**THE DATA:**
----------------------------------------

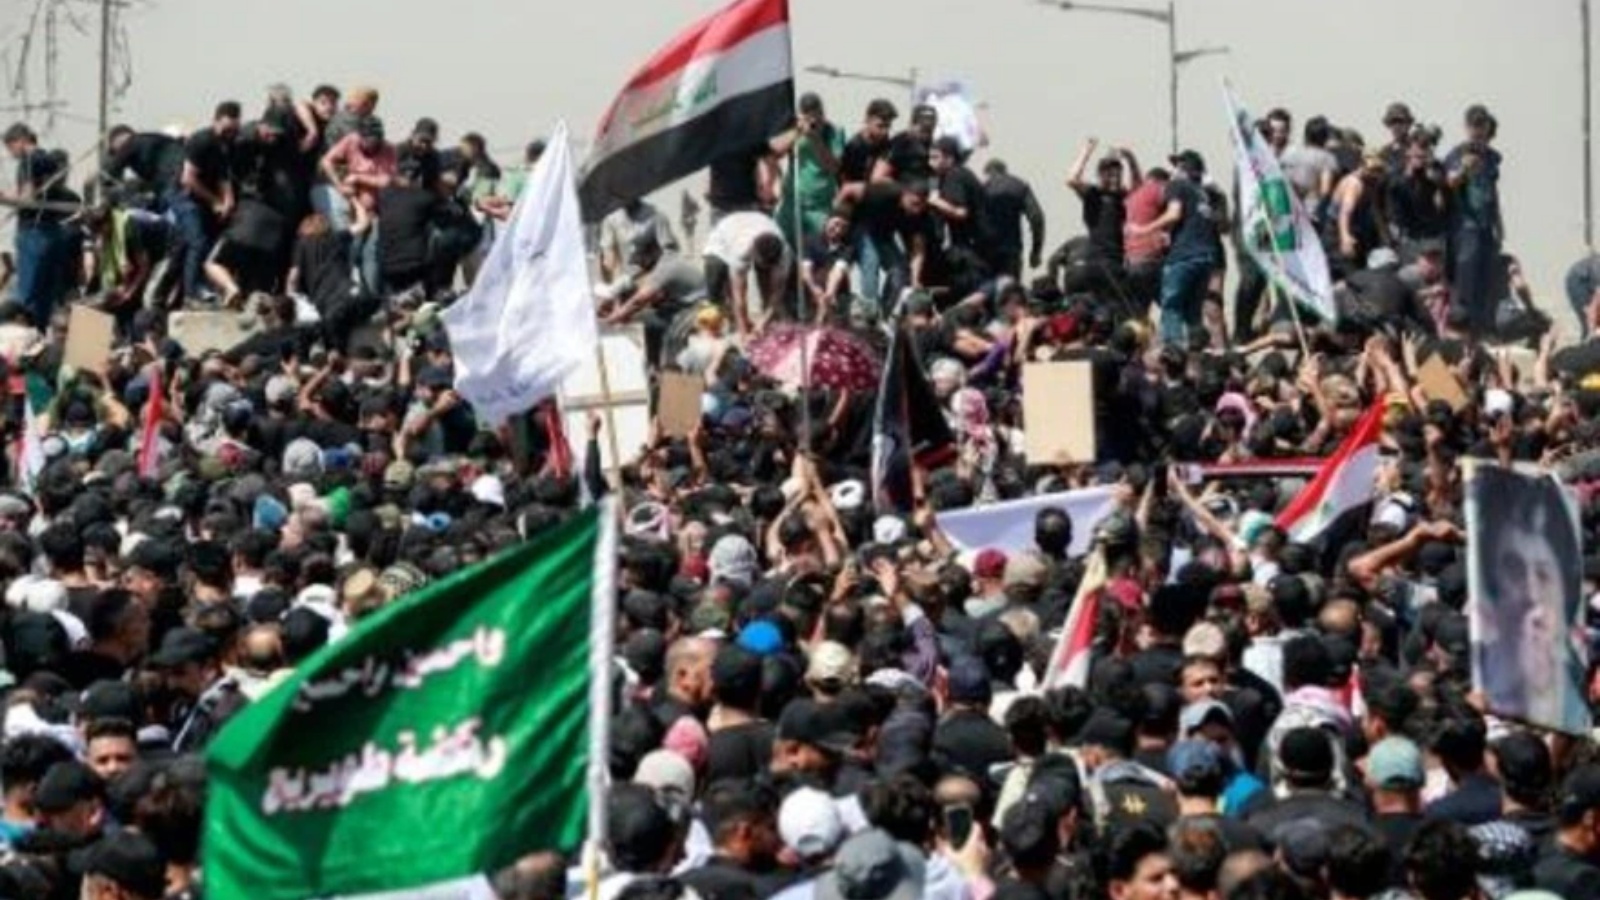 متظاهرون مؤيدون لمقتدى الصدر على جسر الجمهورية المؤدي إلى المنطقة الخضراء في وسط بغداد بتاريخ 30 يوليو 2022 
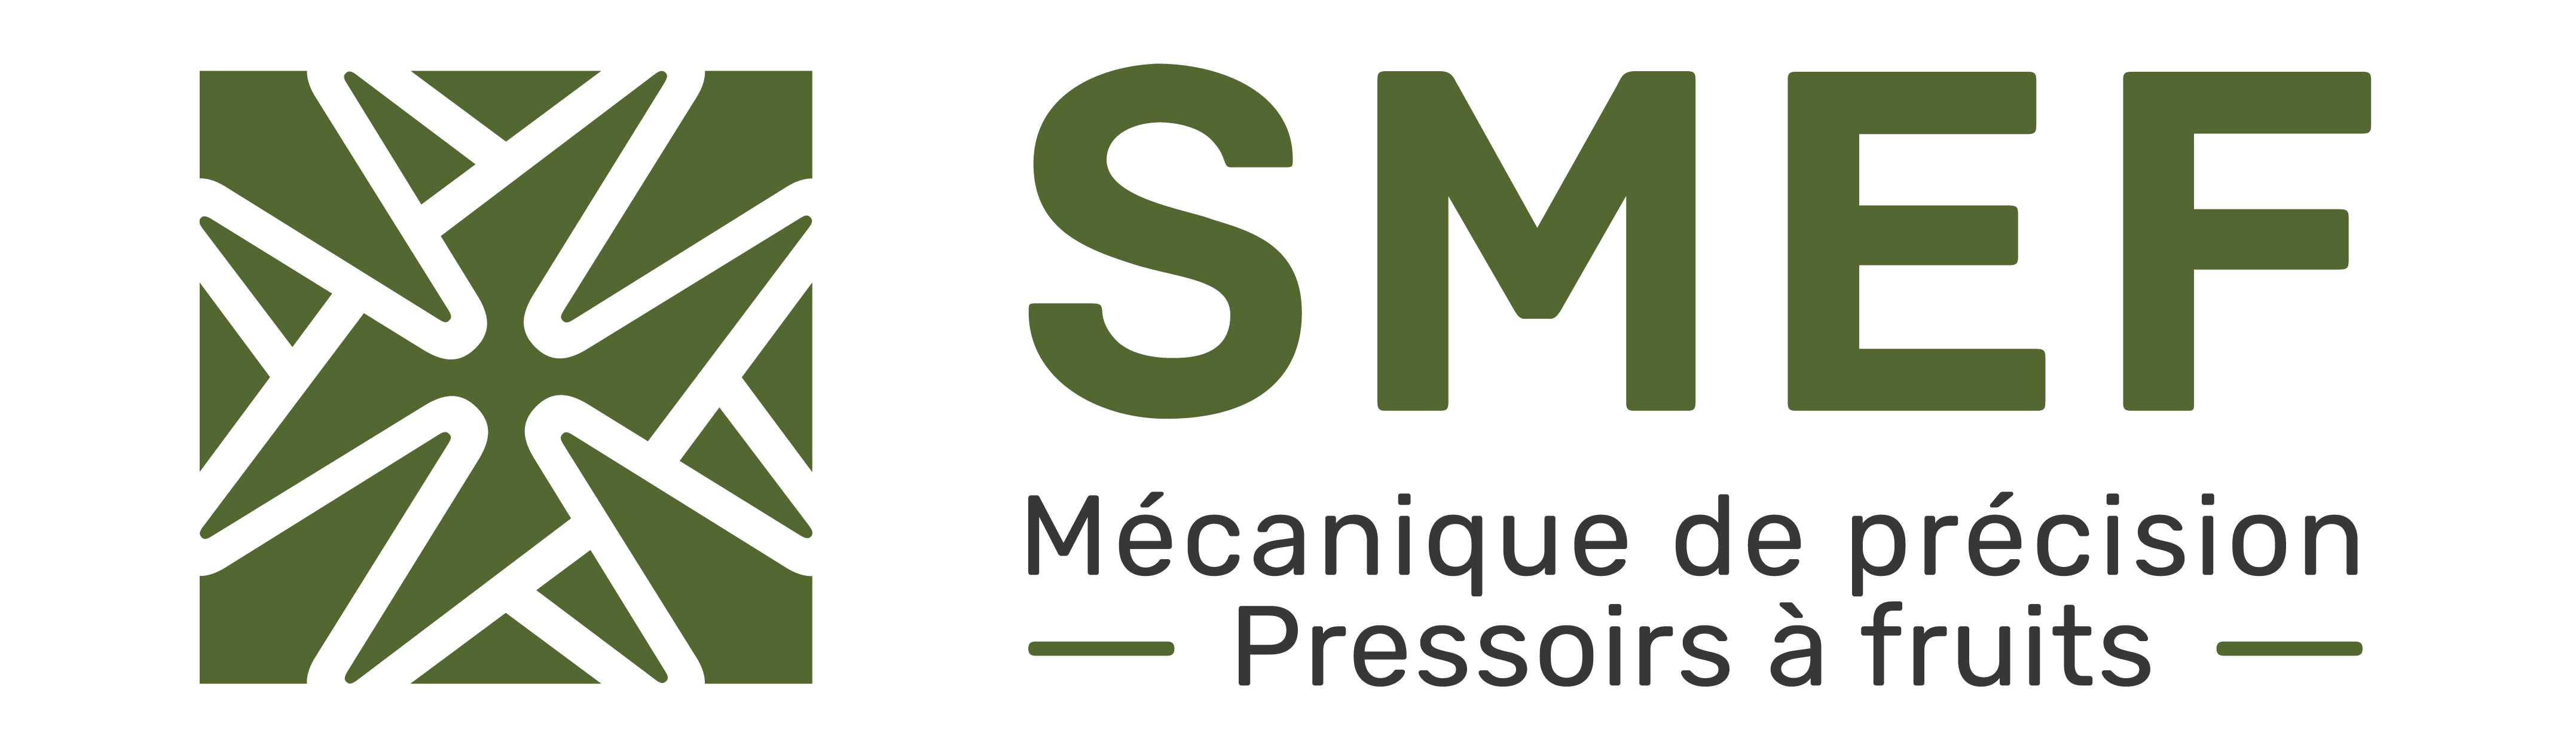 logo SMEF
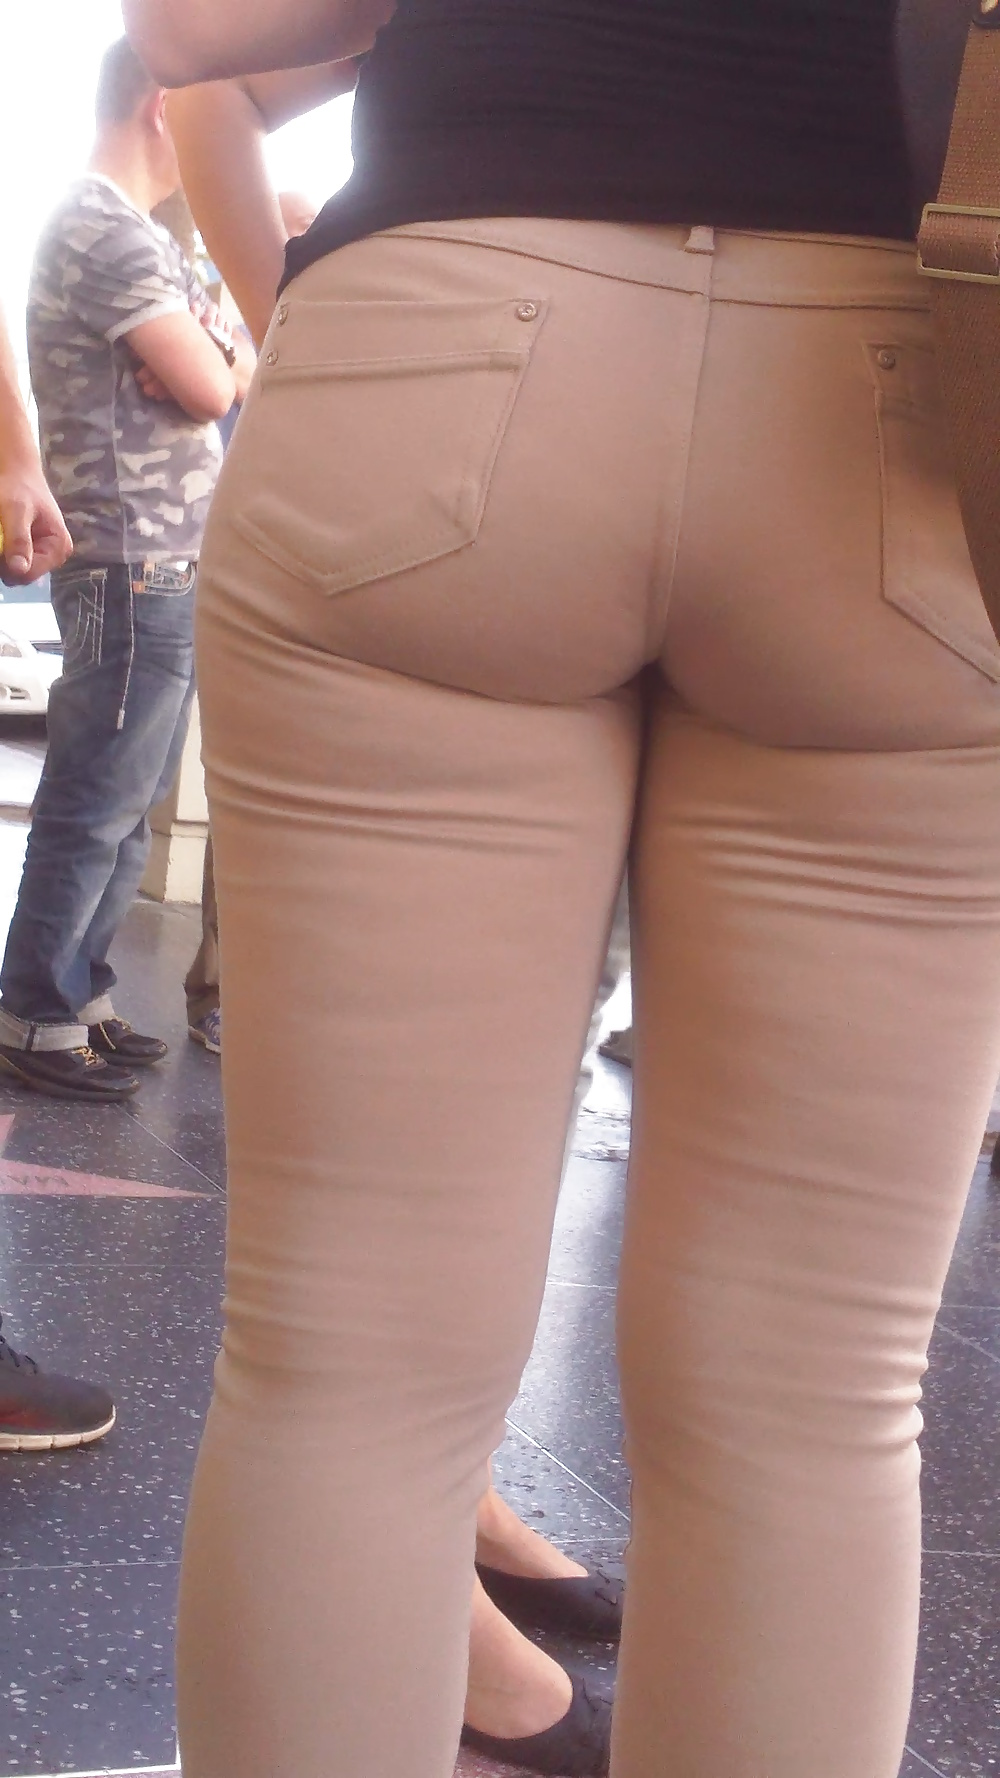 Popular teen girls ass & butt in jeans Part 6 #32009839
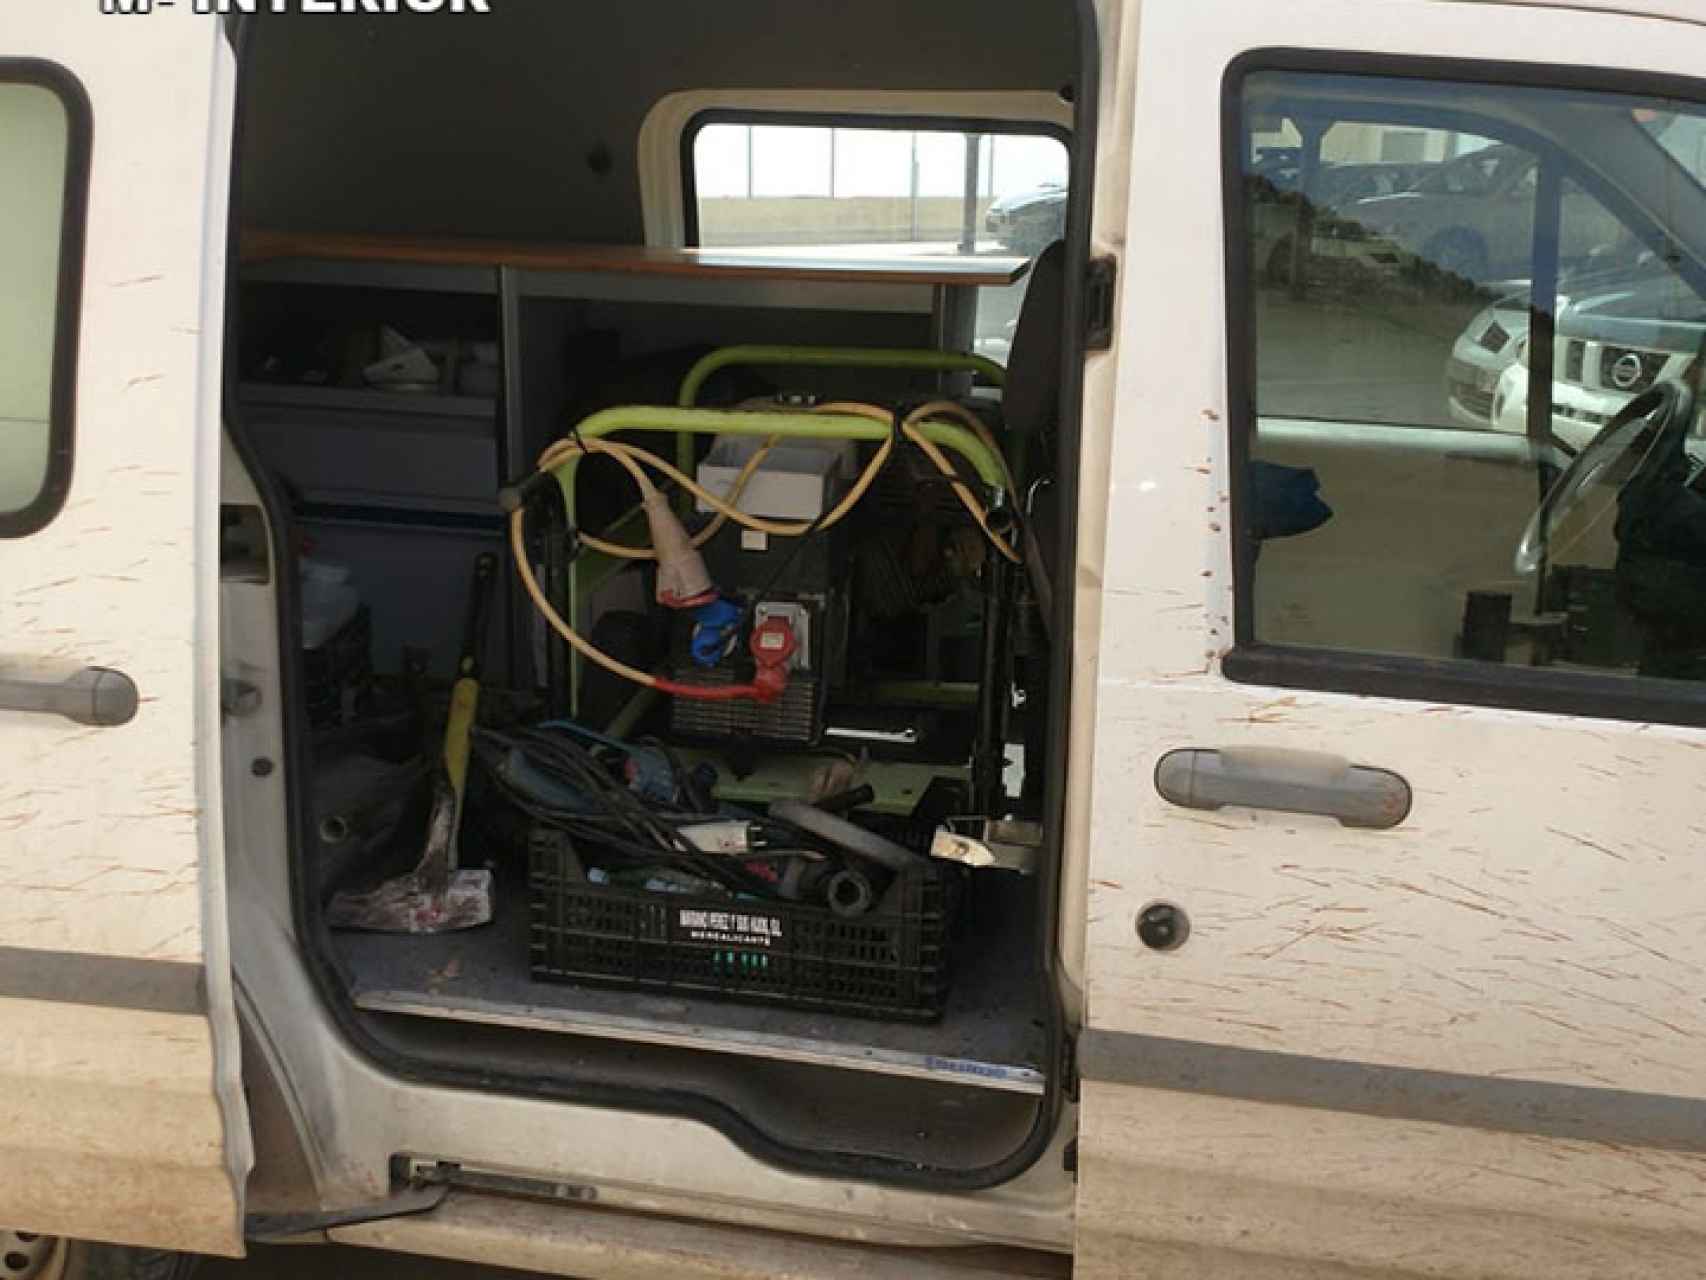 Una desalobradora habilitada en una furgoneta para transportarla por fincas agrícolas.

----------------------------------------

**PROBLEM TO SOLVE:** With the pictures left out, give again exactly the lines from the one with "Popular teen girls" through the end of the data, both included.

**TASK OUTPUT:**
 Popular teen girls ass & butt in jeans Part 6 #32009839
 Una desalobradora habilitada en una furgoneta para transportarla por fincas agrícolas.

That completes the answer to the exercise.